*WHAT THIS TASK INVOLVES*: Which lines run from the one containing "Strømpebukser med seler" to the end of the entries? Copy them exactly, both ends included, and give nothing else.

===== DATA FOR THE TASK =====

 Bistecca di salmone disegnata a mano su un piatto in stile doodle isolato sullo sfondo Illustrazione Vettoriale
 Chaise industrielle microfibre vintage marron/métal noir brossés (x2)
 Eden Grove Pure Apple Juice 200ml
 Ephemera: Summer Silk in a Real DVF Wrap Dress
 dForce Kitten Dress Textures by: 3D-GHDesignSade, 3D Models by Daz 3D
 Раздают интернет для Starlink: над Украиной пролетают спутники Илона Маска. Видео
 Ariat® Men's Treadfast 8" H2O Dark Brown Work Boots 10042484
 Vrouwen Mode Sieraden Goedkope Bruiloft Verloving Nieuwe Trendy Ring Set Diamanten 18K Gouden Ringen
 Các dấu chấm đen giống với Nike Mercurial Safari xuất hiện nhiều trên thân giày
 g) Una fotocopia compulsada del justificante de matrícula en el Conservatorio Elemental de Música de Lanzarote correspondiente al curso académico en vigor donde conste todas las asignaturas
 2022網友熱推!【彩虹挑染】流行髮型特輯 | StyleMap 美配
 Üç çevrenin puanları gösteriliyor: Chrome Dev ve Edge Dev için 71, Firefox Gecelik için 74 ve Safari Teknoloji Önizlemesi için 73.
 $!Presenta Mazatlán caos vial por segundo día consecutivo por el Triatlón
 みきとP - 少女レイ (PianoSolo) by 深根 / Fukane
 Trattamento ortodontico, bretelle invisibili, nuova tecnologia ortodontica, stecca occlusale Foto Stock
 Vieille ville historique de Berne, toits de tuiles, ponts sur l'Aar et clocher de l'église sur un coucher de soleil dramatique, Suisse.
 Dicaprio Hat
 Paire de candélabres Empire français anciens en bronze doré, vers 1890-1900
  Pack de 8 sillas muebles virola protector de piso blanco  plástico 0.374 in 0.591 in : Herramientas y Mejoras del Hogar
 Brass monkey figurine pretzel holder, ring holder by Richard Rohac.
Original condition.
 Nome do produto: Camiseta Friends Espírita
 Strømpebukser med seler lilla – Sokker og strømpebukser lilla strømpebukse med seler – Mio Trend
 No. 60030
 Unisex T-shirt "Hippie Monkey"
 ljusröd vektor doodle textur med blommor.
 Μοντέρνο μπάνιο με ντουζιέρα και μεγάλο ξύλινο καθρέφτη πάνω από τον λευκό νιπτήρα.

=====

*WRITTEN SOLUTION*:
 Strømpebukser med seler lilla – Sokker og strømpebukser lilla strømpebukse med seler – Mio Trend
 No. 60030
 Unisex T-shirt "Hippie Monkey"
 ljusröd vektor doodle textur med blommor.
 Μοντέρνο μπάνιο με ντουζιέρα και μεγάλο ξύλινο καθρέφτη πάνω από τον λευκό νιπτήρα.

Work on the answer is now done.